Publication year - 2014
Publication title -
clinical endocrinology
Language(s) - English
Resource type - Journals
SCImago Journal Rank - 1.055
H-Index - 147
eISSN - 1365-2265
pISSN - 0300-0664
DOI - 10.1111/cen.12316
Subject(s) - hydrocortisone , bioavailability , cmax , endocrinology , medicine , dexamethasone , absorption (acoustics) , pharmacology , pharmacokinetics , glucocorticoid , chemistry , physics , acoustics
Summary Objective It is not possible with current hydrocortisone replacement to mimic the diurnal cortisol profile in patients with adrenal insufficiency. Previous attempts with modified‐release technology were unsuccessful. Our objective was to develop hydrocortisone formulations that recreate the diurnal cortisol profile using multiparticulate technology. Design and Measurements Screening by in vitro dissolution profiles, pharmacokinetic (PK) testing in dexamethasone‐suppressed dogs and humans, and comparison with a reference population. Setting Field laboratories and clinical research facility. Results Formulations were generated using an enteric (delayed release) design configuration with an extended (sustained release) dissolution profile.

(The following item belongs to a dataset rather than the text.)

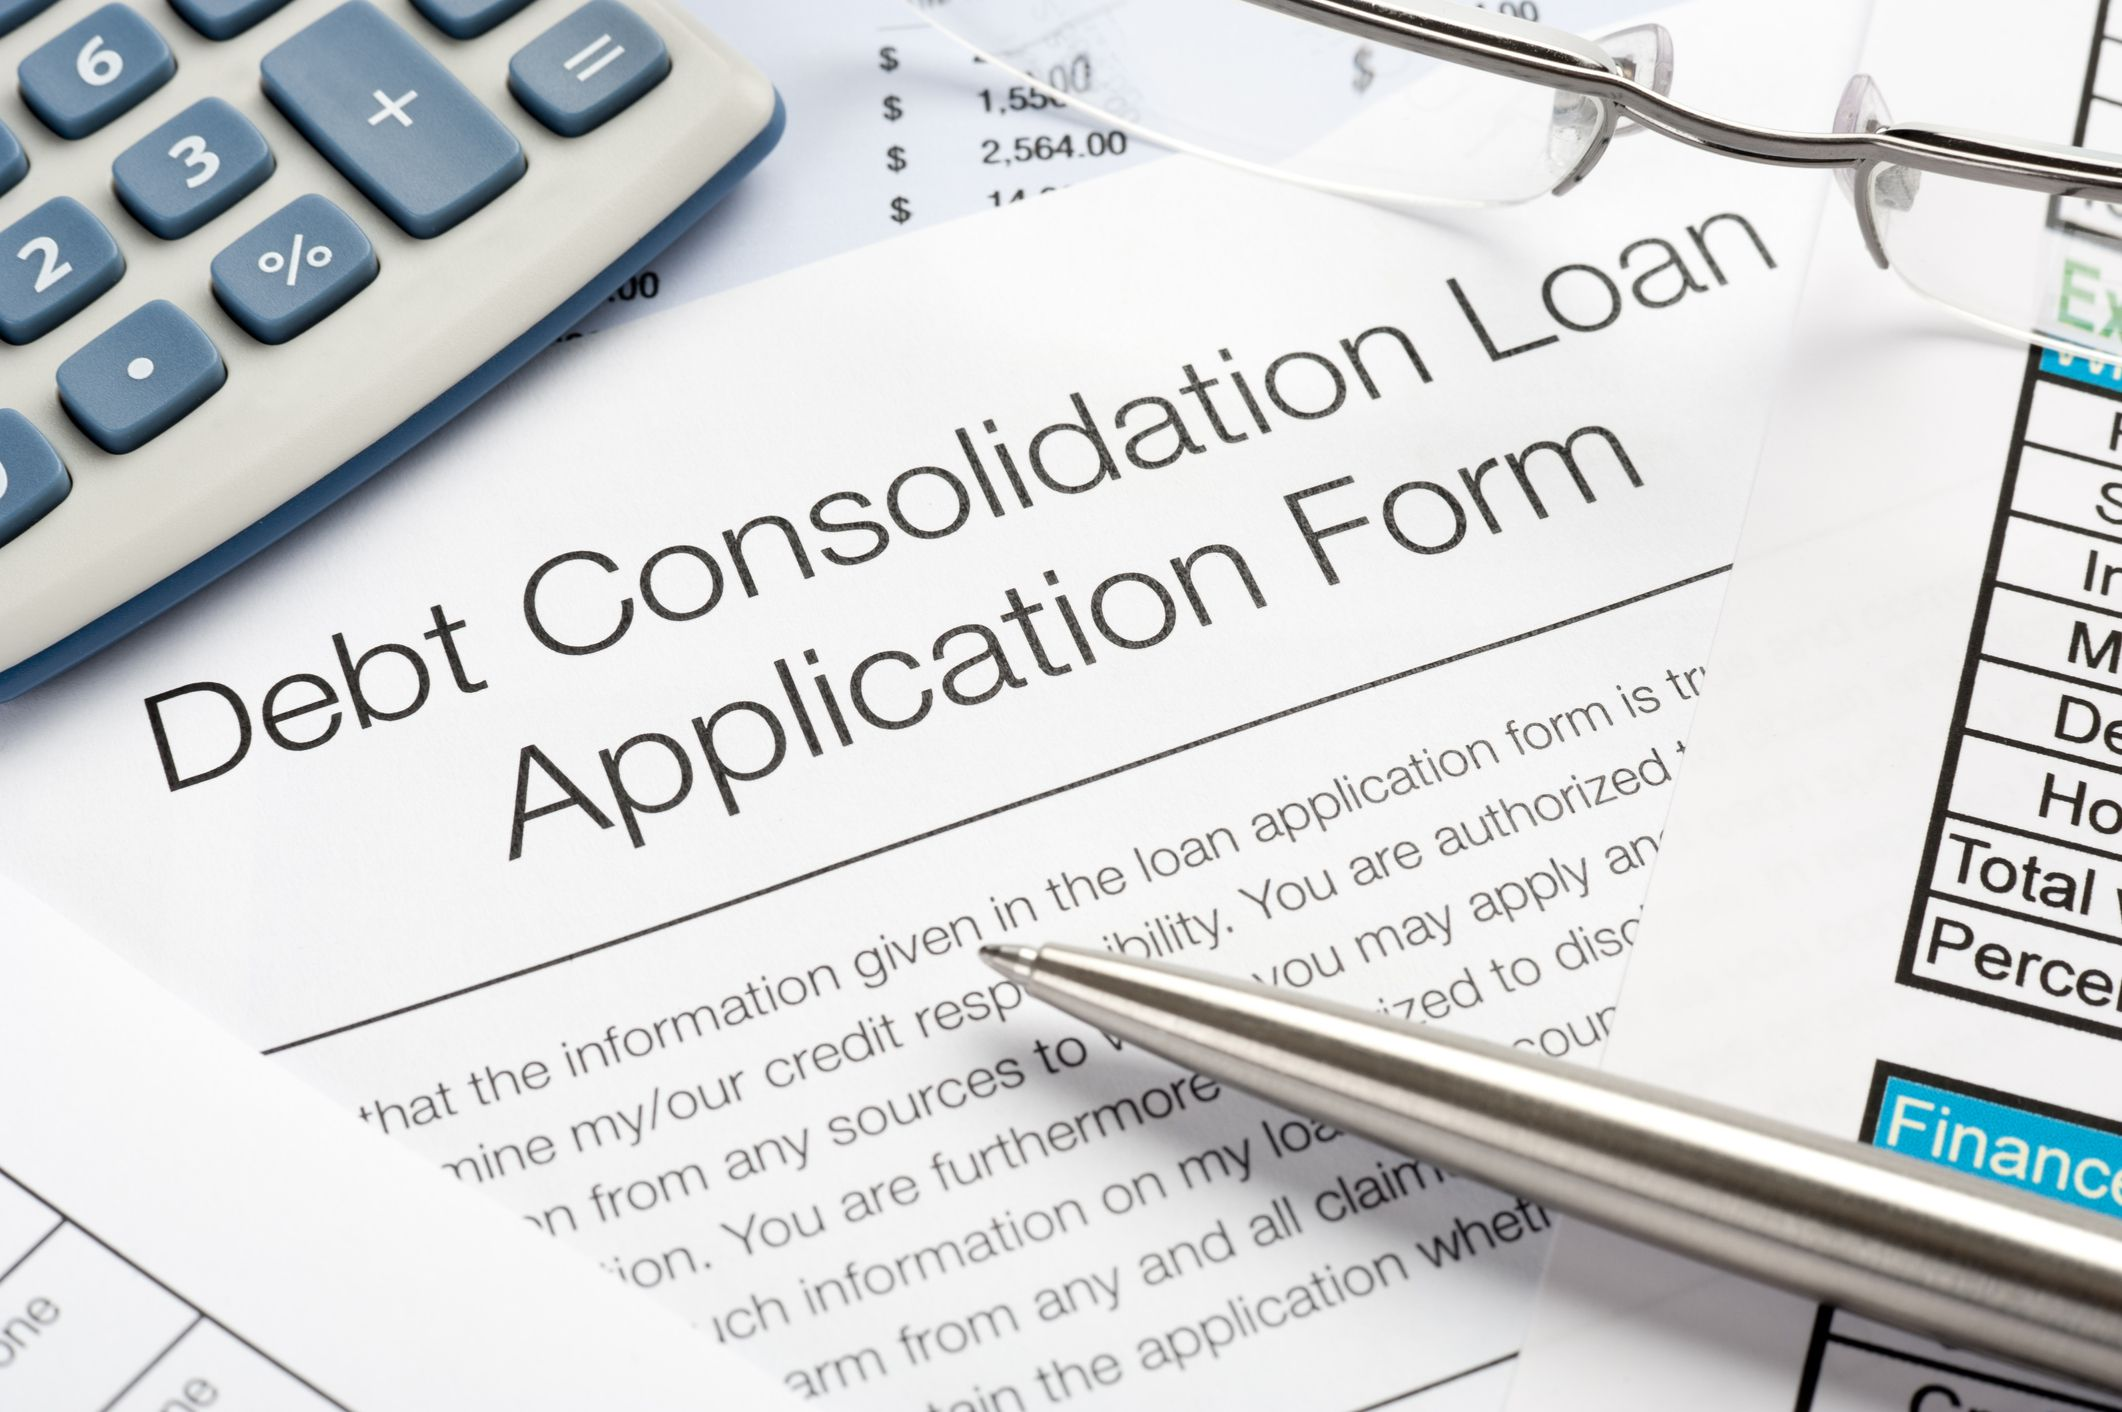 debt consolidation form
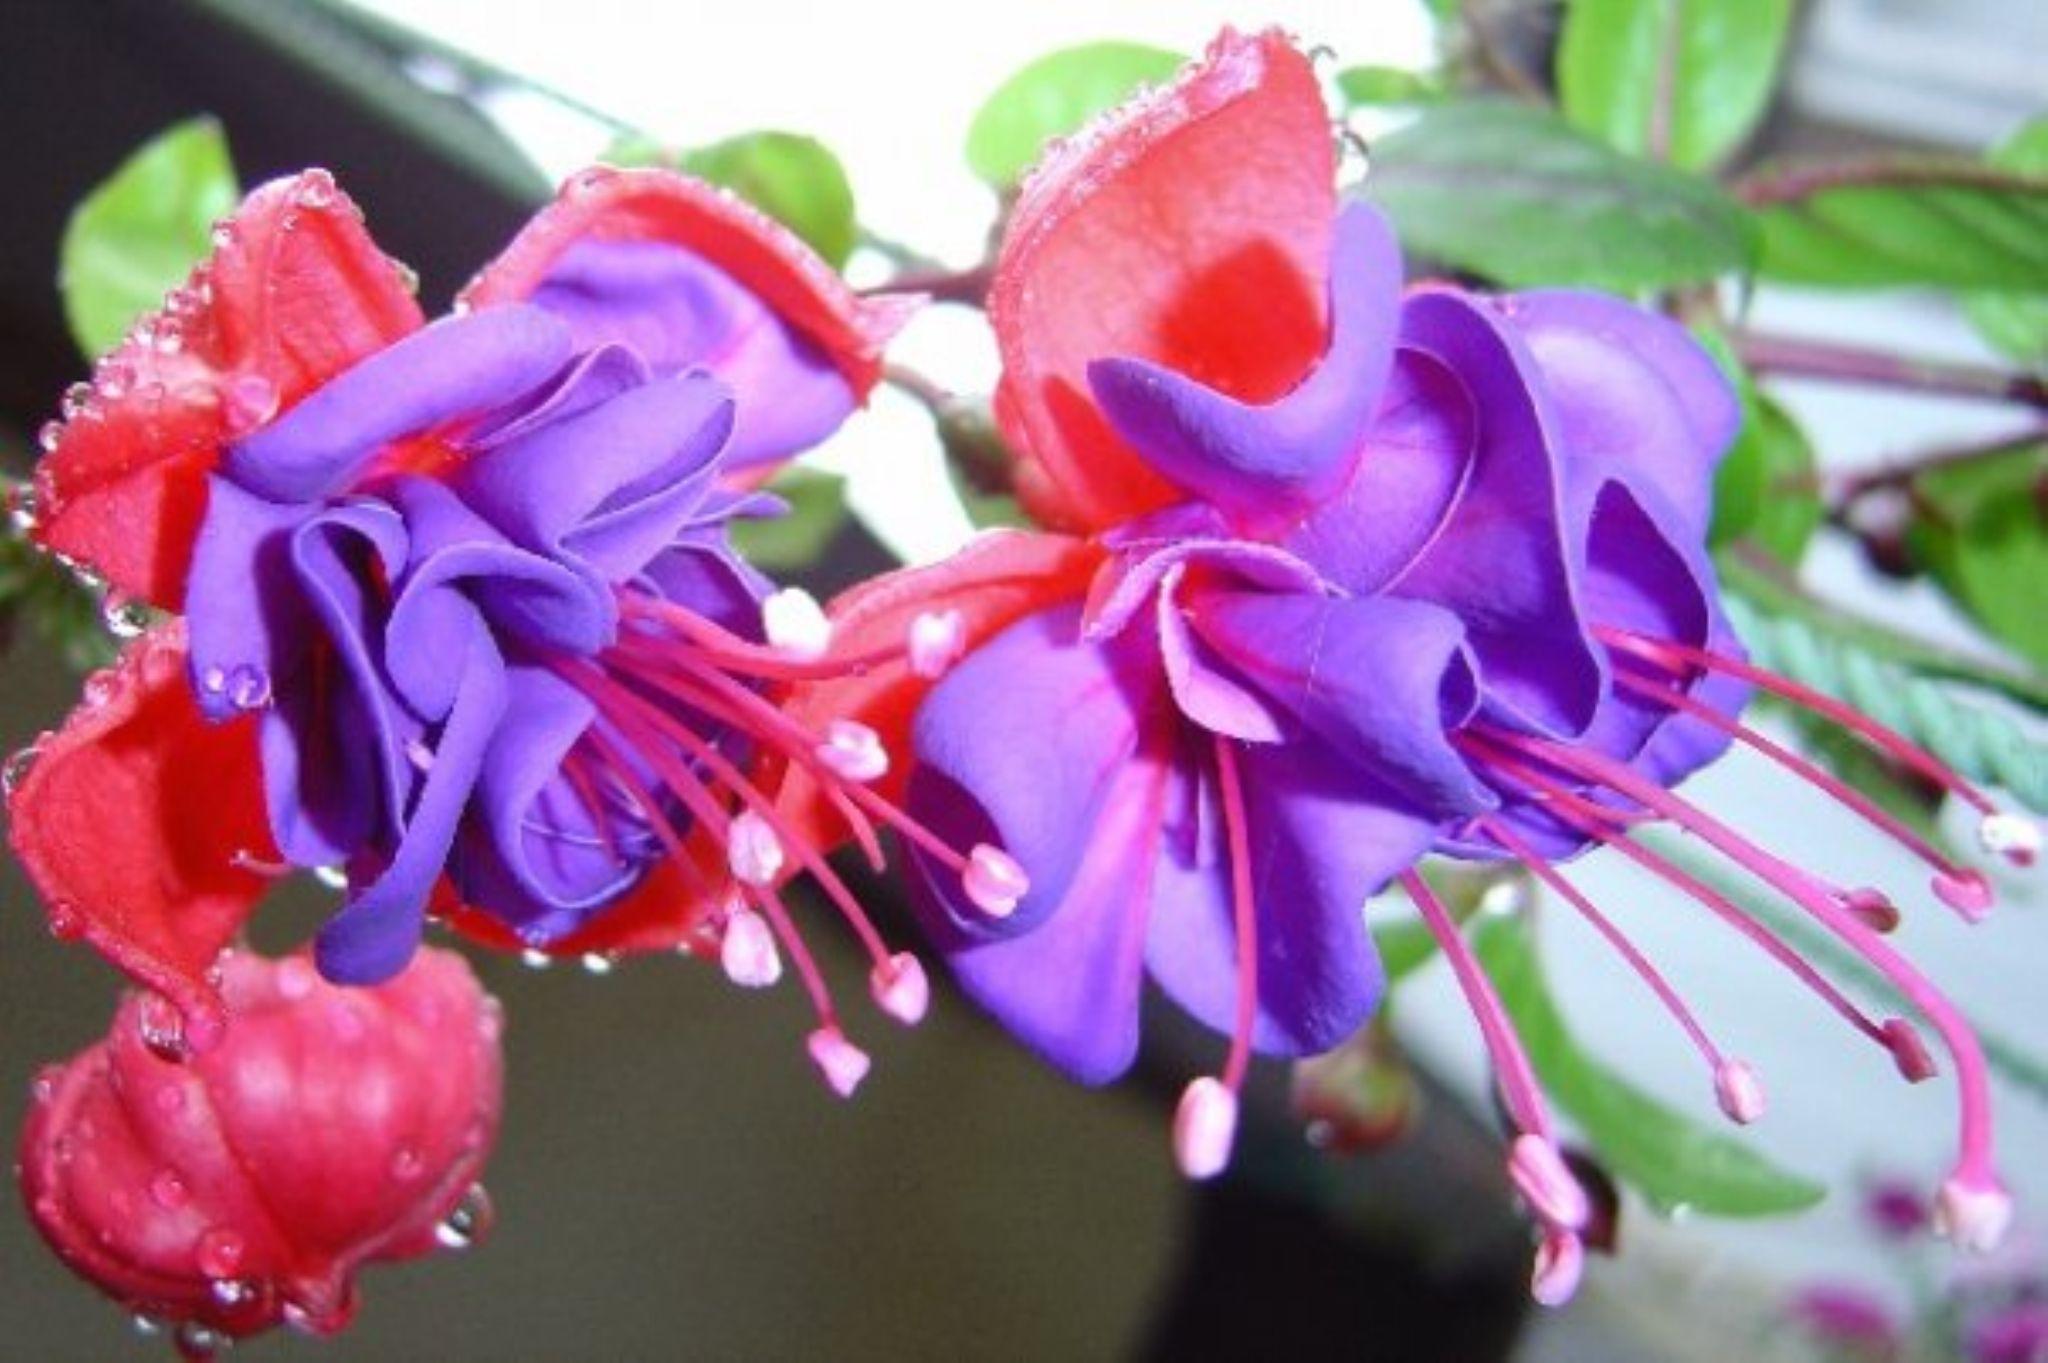 Fuscia Plant by Annette McCann

In vitro dissolution confirmed delayed and sustained hydrocortisone release. However, in dogs and humans, sustained release resulted in reduced bioavailability. A formulation, DIURF ‐006, was developed that maintained delayed release but omitted the sustained‐release functionality. PK characterization of DIURF ‐006 showed that, despite absence of a sustained‐release component, absorption was sufficiently sustained to deliver extended hydrocortisone absorption. In dexamethasone‐suppressed volunteers ( n  = 16) receiving a twice‐daily ‘toothbrush’ regimen (20 mg at 23:00 h and 10 mg at 07:00 h), DIURF ‐006 gave a similar cortisol profile to physiological cortisol levels: DIURF ‐006 vs physiological, Geomean AUC 5610 vs 4706 h * nmol/l, Geomean C max 665 vs 594 nmol/l and Median T max 8·5 h vs clock time 08:12 h for peak cortisol. The relative bioavailability of DIURF ‐006 vs hydrocortisone was 89%, and cortisol levels increased linearly with doses between 5 and 30 mg. Conclusion A multiparticulate oral hydrocortisone formulation with only an enteric coat provides delayed and sustained absorption and when given in a ‘toothbrush’ regimen provides physiological cortisol exposure.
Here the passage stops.